Recently, a friend told me that she “couldn’t begin to understand” my poetry – a
not a criticism, but her way of apologizing for not knowing what to say about it. I was (1) surprised – because compared to a lot of what’s out there, my work is pretty straightforward. And (2) not surprised – because for most people I come in contact with, poetry is something esoteric and indecipherable, a foreign language. It’s reading Isaiah and thinking “What the…?”
I also recently decided to listen to a podcast from Poetry magazine during a workout (instead of – don’t judge me – Katy Perry on Pandora), and they were interviewing some guy (Matthew Bevis) about an essay he wrote called “Unknowing Lyric.” (It’s NA now, so I’m relying on my terrible memory). They talked about the idea that the source of power in any good poem comes from its ability to “unknow” what you “know.” It makes you re-examine your assumptions, it disorients you, it makes you feel a bit bewildered, it resists simplification and summary, resists analysis because there’s an ineffable quality to it. If it were simpler and easier to dissect, it wouldn’t have a lasting hold on you.

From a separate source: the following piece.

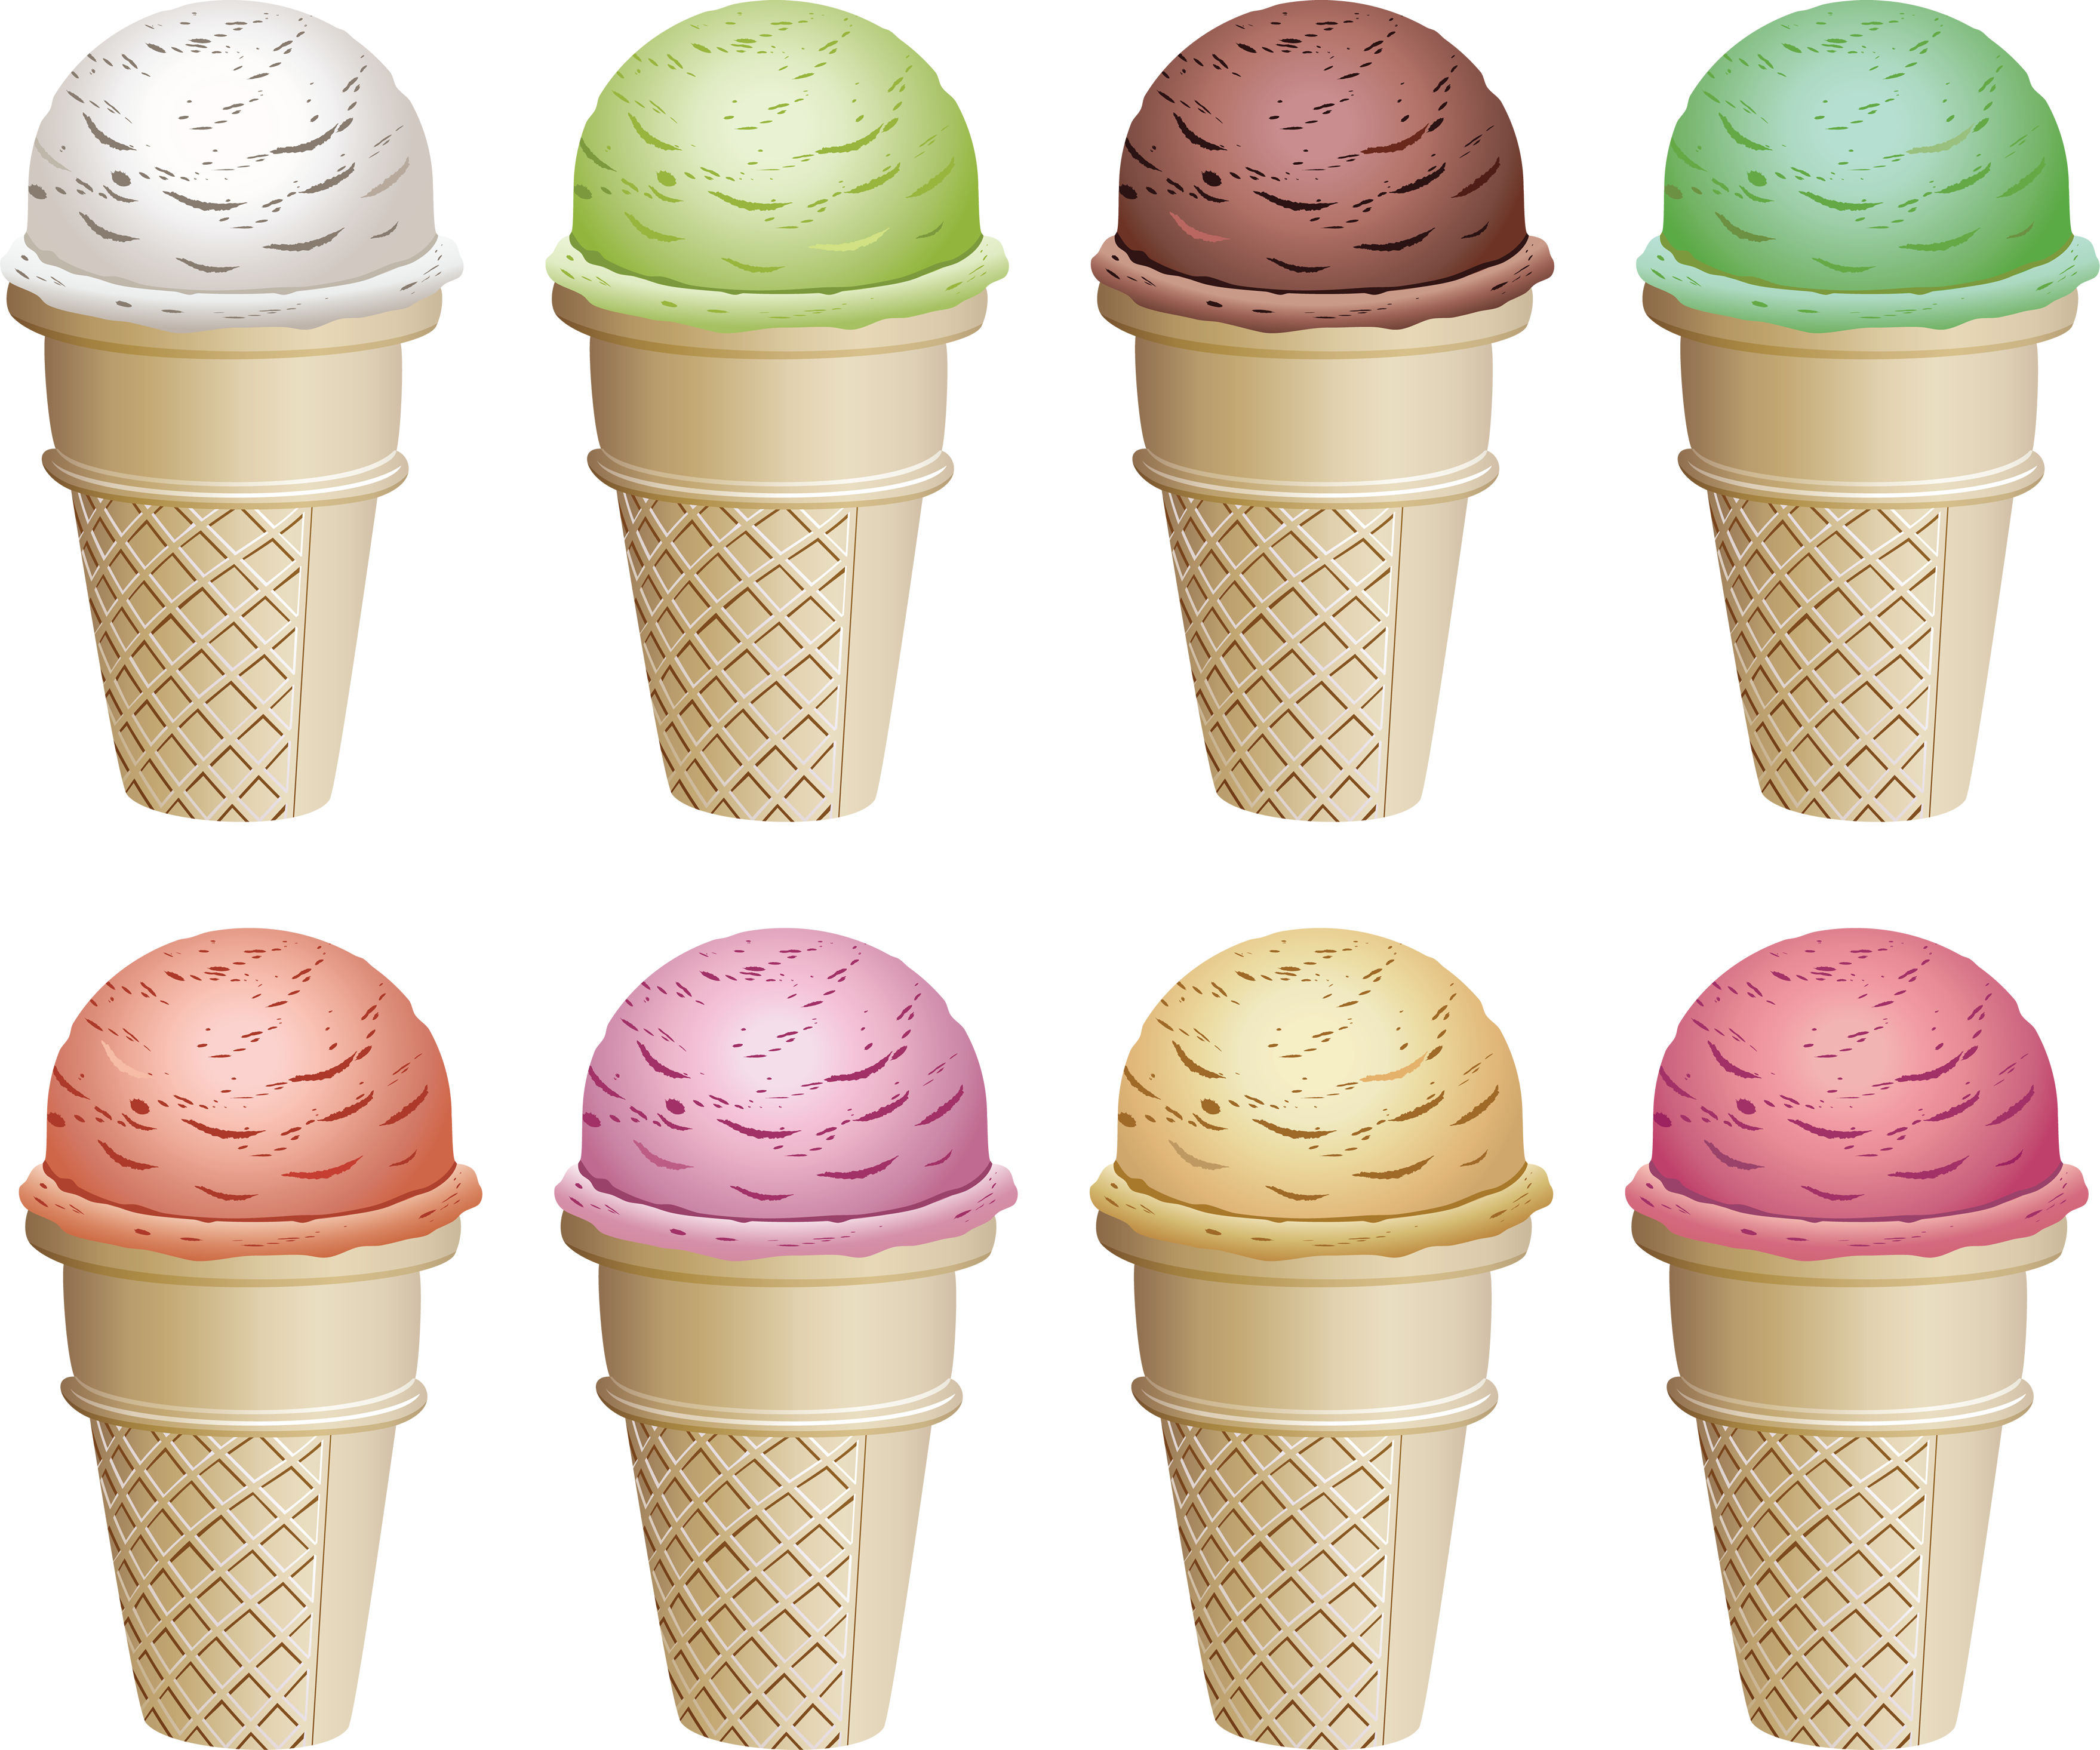 Forty five isolated stock. Watermelon clipart ice cream

This was recently studied as a physical phenomena at a German university, revealing that what poetry does to the brain is (1) unique – not like listening to music or watching a film, and (2) analogous to the emotional arousal of unwrapping a chocolate bar.
Who doesn’t relate to that?
This “bewilderment,” for those of us who love literature, is a beautiful, powerful thing. It’s what keeps us coming back to the poetic. When the rest of the world is Real Housewives and Pinterest and mundane and memes, to be in the presence of authentic language that comes from a deep soul is refreshing. To feel a little bewildered (and I do mean “a little”), is life-affirming. To feel emotionally connected to someone you’ve never met through a single poem nourishes our humanity and empathy, and counteracts the paradigms of other-ness we’re surrounded by in the media. To feel a little bewildered draws our attention to the explosion of life in each detail of our existence, reminds us of the significance of each moment in a way that great loss does. It puts a magnifying glass to our lives.
So here’s to literary bewilderment – and the way it is strangely satisfying.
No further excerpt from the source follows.